#### [GIVEN DATA]
►

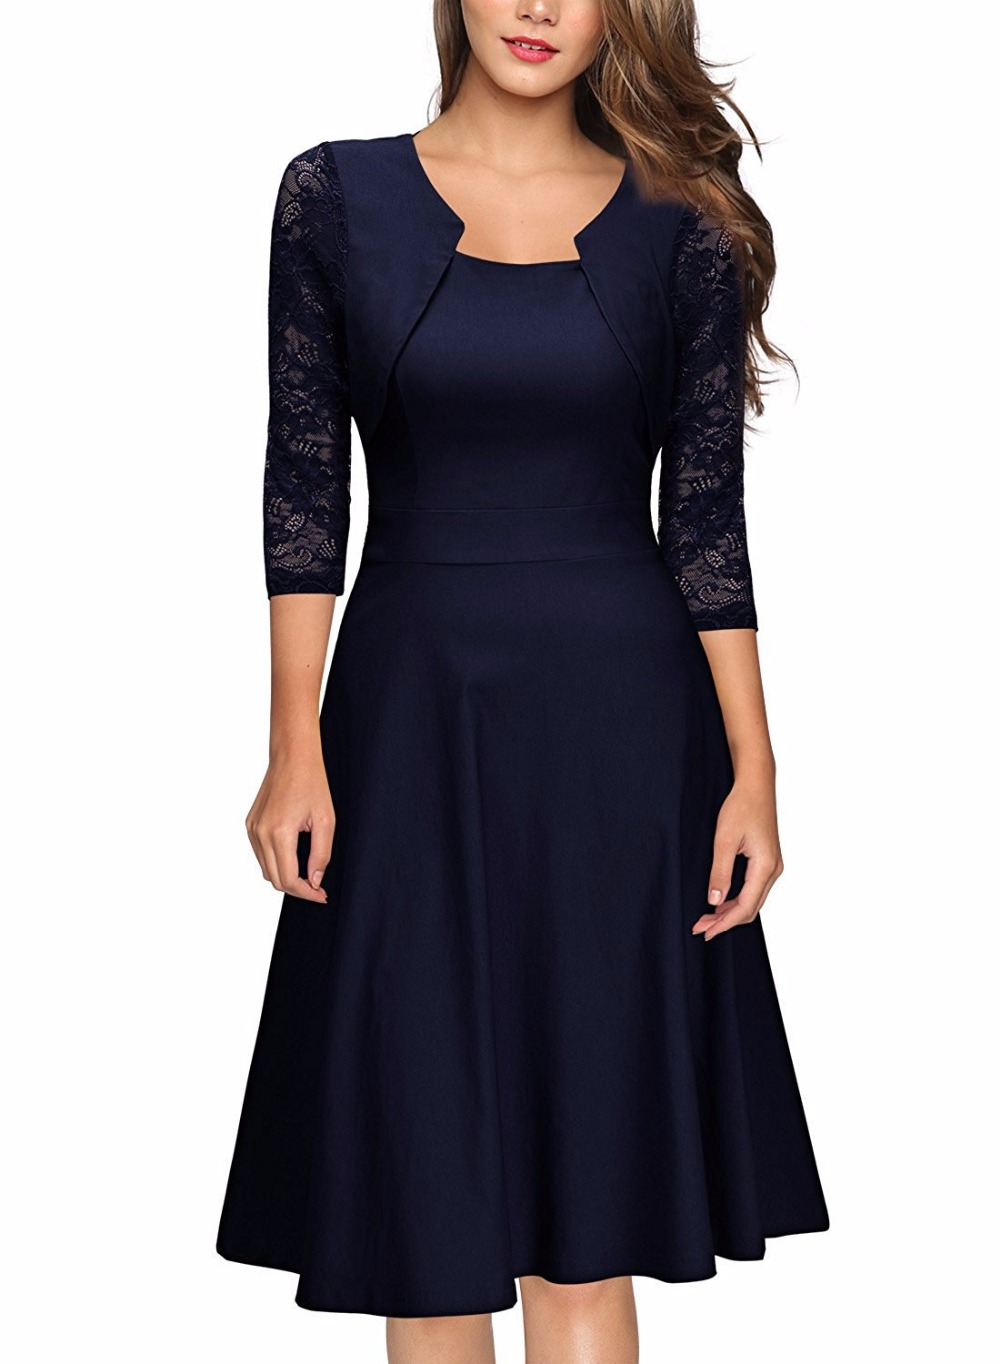 Elegant Designer Lace A Line Dress Women 2017 Knit Runway Green ...
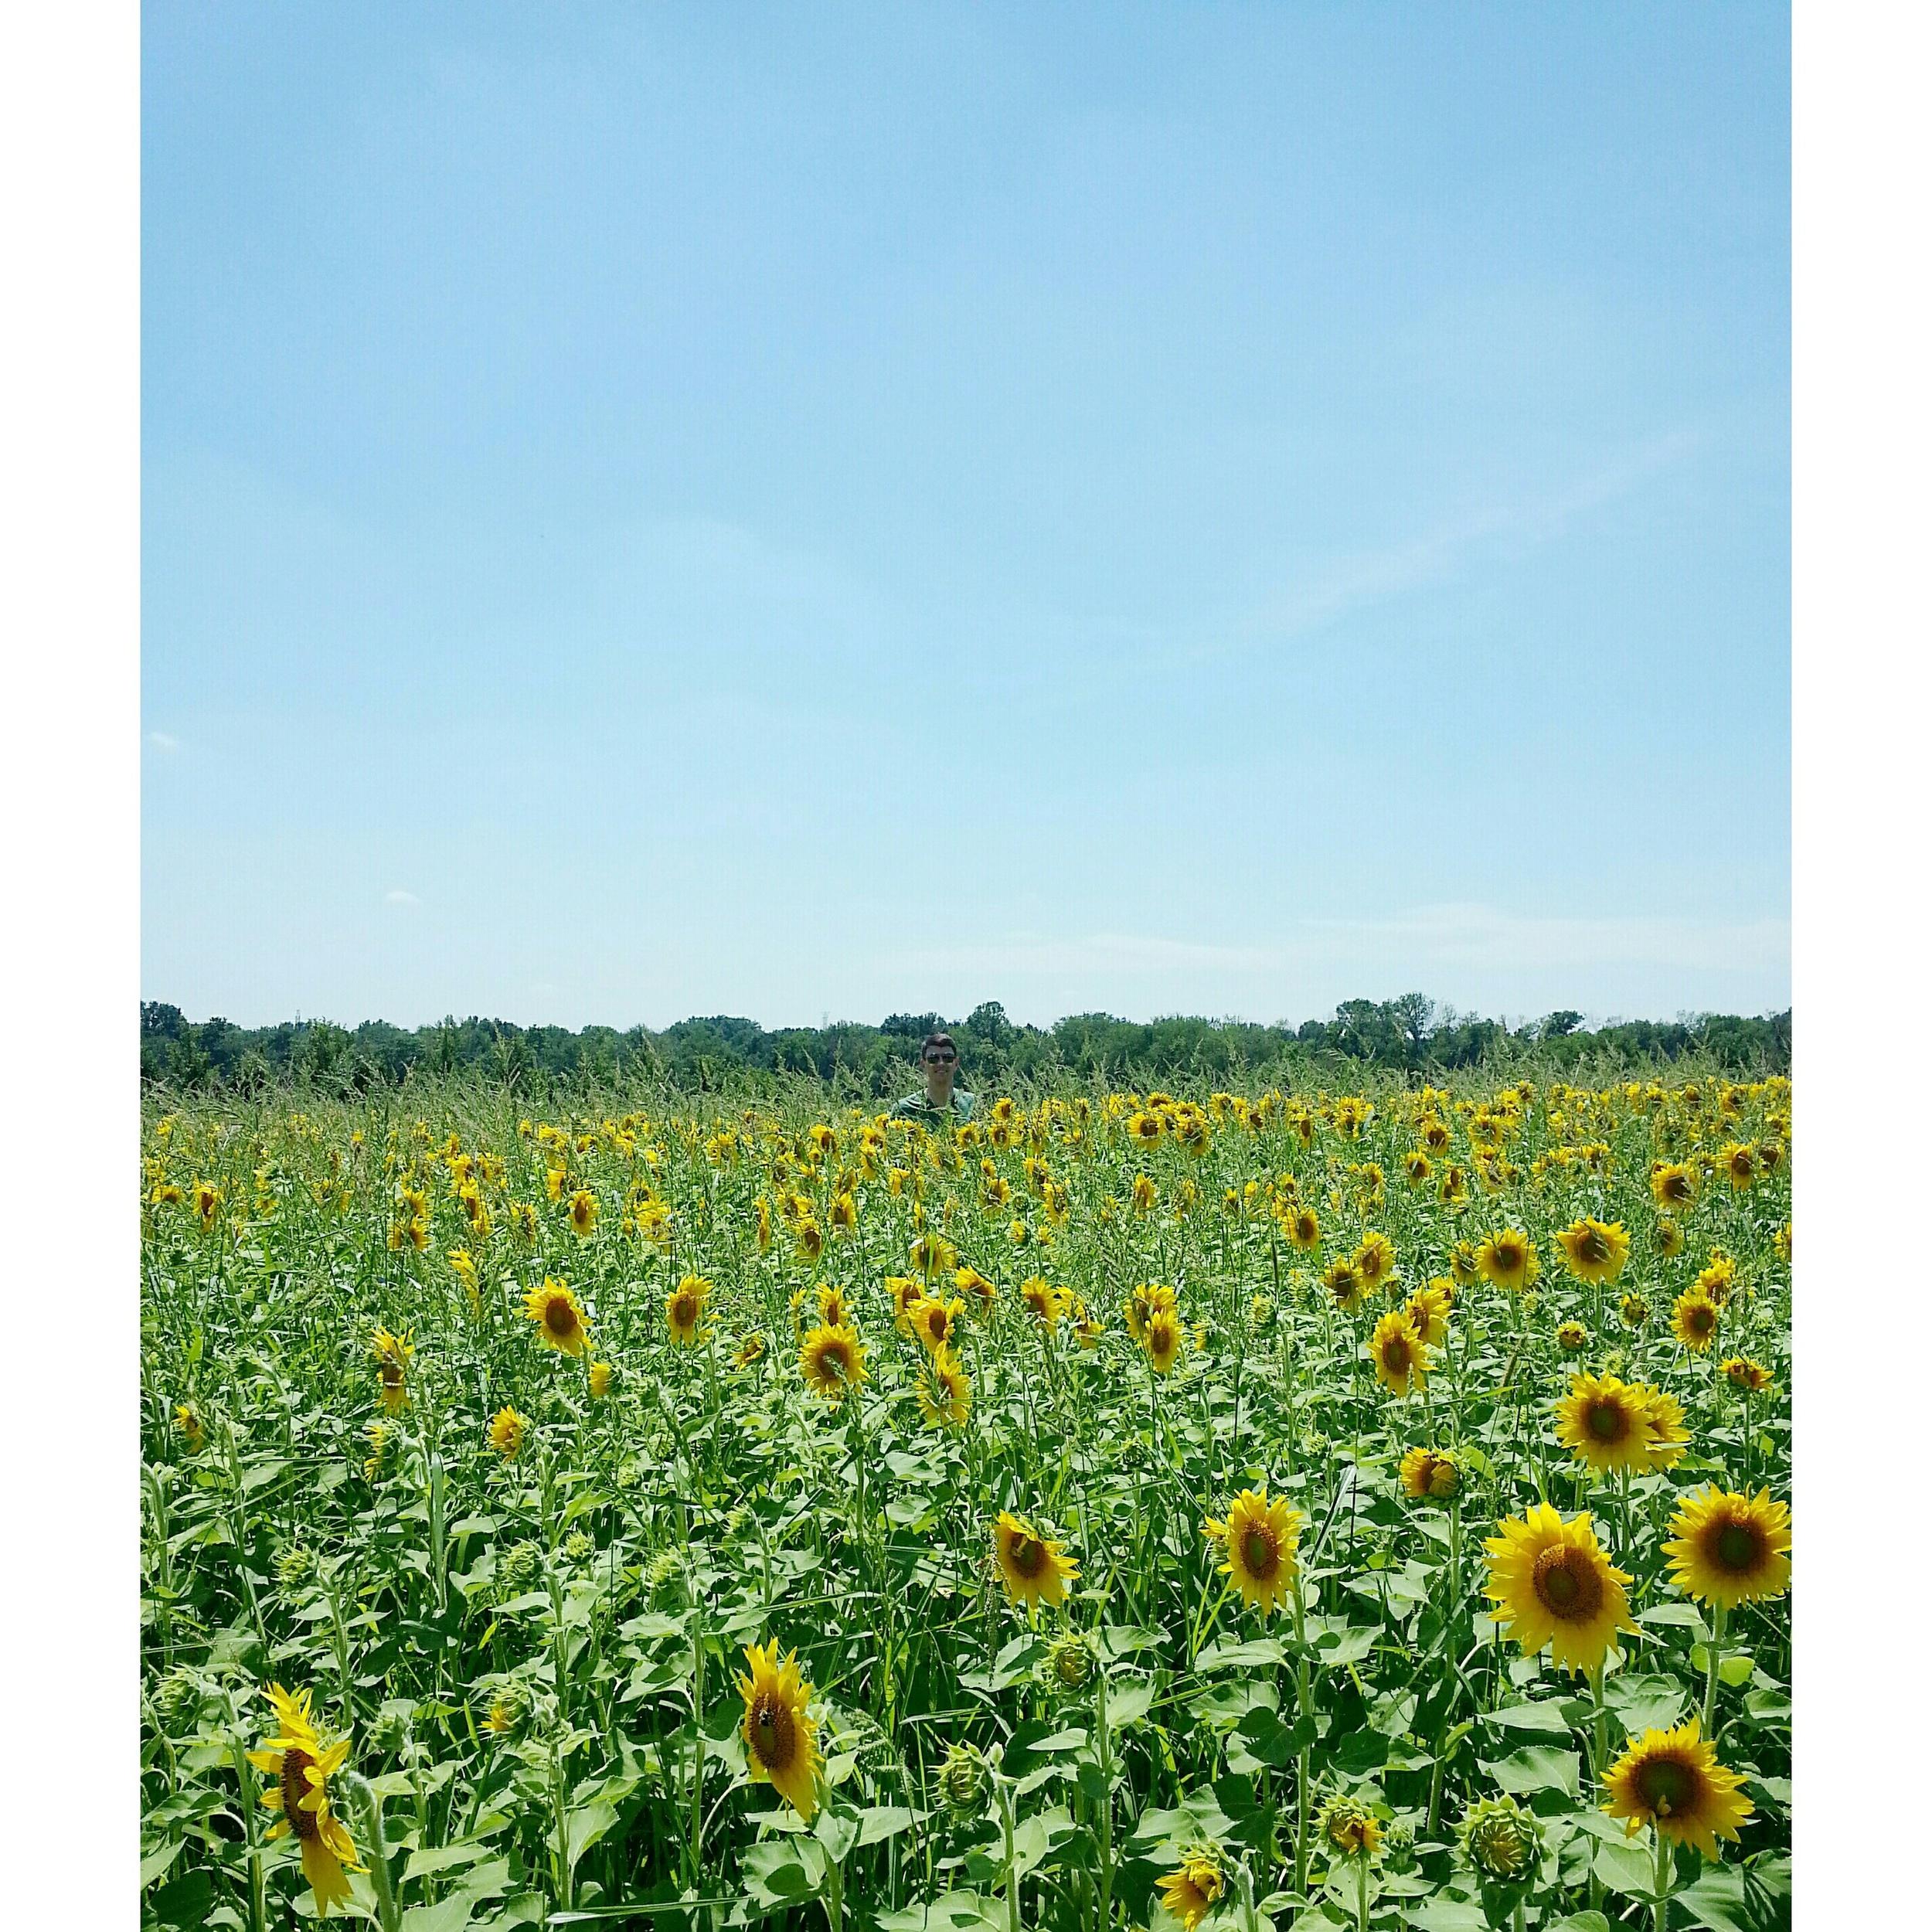 Sunflower Field Photo Shoot
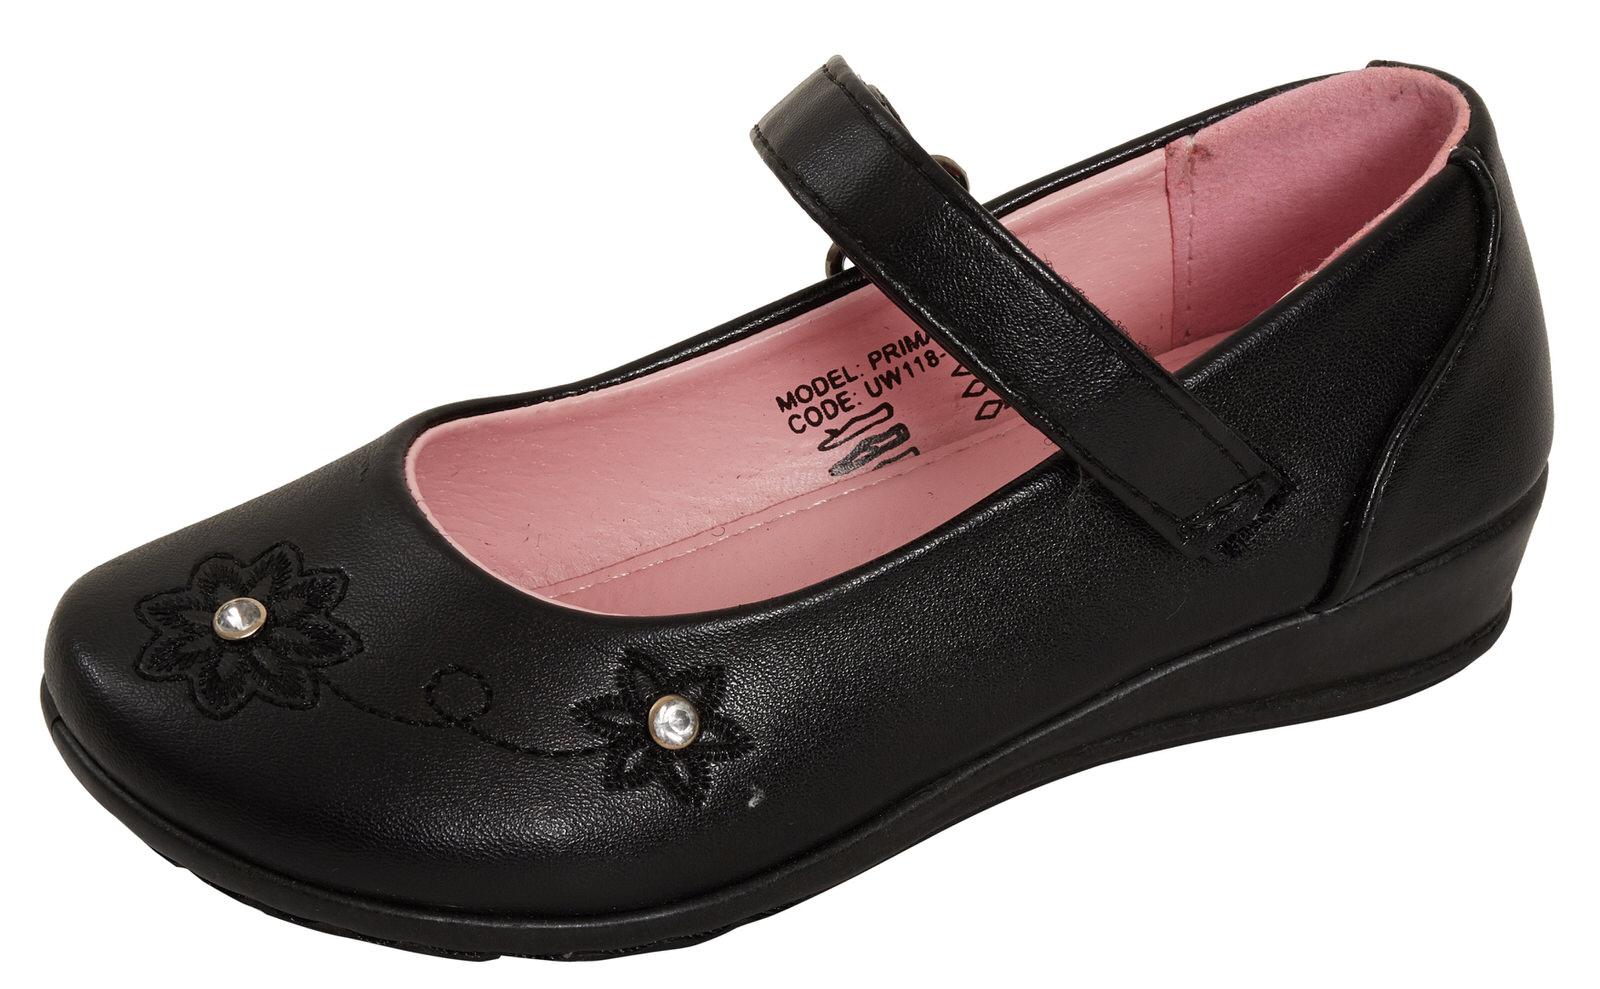 Filles En Cuir Synthétique Noir School Shoes Kids Mary Jane PU PATENT Flat Party Chaussures

◄

Your answer should set down the listing verbatim and leave out its images.

 Elegant Designer Lace A Line Dress Women 2017 Knit Runway Green ...
 Sunflower Field Photo Shoot
 Filles En Cuir Synthétique Noir School Shoes Kids Mary Jane PU PATENT Flat Party Chaussures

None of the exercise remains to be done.